## Collection entries
========================
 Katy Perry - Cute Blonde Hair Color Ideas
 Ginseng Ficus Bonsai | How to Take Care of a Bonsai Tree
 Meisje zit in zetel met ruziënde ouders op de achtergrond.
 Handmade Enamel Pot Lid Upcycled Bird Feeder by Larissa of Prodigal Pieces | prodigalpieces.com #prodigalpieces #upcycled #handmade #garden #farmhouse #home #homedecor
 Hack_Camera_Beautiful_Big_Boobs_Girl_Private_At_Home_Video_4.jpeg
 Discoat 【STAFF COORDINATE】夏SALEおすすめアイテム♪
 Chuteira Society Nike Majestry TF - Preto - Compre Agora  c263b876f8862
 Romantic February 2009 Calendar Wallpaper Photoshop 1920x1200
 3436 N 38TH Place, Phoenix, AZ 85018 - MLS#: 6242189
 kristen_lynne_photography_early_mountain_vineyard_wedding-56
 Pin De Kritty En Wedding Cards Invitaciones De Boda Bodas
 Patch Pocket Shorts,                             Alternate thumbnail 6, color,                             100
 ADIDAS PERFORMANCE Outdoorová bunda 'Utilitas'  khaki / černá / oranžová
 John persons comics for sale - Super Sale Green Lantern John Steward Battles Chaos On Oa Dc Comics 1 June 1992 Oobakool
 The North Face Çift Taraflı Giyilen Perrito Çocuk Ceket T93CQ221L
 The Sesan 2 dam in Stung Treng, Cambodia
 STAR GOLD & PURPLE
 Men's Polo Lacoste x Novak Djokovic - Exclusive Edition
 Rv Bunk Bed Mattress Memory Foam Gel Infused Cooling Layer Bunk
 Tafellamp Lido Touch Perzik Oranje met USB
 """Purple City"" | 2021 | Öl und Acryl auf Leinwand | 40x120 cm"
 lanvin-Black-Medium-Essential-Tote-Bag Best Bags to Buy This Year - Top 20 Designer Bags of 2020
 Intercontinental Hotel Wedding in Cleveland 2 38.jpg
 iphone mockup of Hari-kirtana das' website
========================
Return the data above in full. Keep every line exactly as it is.

## EXPECTED ANSWER
 Katy Perry - Cute Blonde Hair Color Ideas
 Ginseng Ficus Bonsai | How to Take Care of a Bonsai Tree
 Meisje zit in zetel met ruziënde ouders op de achtergrond.
 Handmade Enamel Pot Lid Upcycled Bird Feeder by Larissa of Prodigal Pieces | prodigalpieces.com #prodigalpieces #upcycled #handmade #garden #farmhouse #home #homedecor
 Hack_Camera_Beautiful_Big_Boobs_Girl_Private_At_Home_Video_4.jpeg
 Discoat 【STAFF COORDINATE】夏SALEおすすめアイテム♪
 Chuteira Society Nike Majestry TF - Preto - Compre Agora  c263b876f8862
 Romantic February 2009 Calendar Wallpaper Photoshop 1920x1200
 3436 N 38TH Place, Phoenix, AZ 85018 - MLS#: 6242189
 kristen_lynne_photography_early_mountain_vineyard_wedding-56
 Pin De Kritty En Wedding Cards Invitaciones De Boda Bodas
 Patch Pocket Shorts,                             Alternate thumbnail 6, color,                             100
 ADIDAS PERFORMANCE Outdoorová bunda 'Utilitas'  khaki / černá / oranžová
 John persons comics for sale - Super Sale Green Lantern John Steward Battles Chaos On Oa Dc Comics 1 June 1992 Oobakool
 The North Face Çift Taraflı Giyilen Perrito Çocuk Ceket T93CQ221L
 The Sesan 2 dam in Stung Treng, Cambodia
 STAR GOLD & PURPLE
 Men's Polo Lacoste x Novak Djokovic - Exclusive Edition
 Rv Bunk Bed Mattress Memory Foam Gel Infused Cooling Layer Bunk
 Tafellamp Lido Touch Perzik Oranje met USB
 """Purple City"" | 2021 | Öl und Acryl auf Leinwand | 40x120 cm"
 lanvin-Black-Medium-Essential-Tote-Bag Best Bags to Buy This Year - Top 20 Designer Bags of 2020
 Intercontinental Hotel Wedding in Cleveland 2 38.jpg
 iphone mockup of Hari-kirtana das' website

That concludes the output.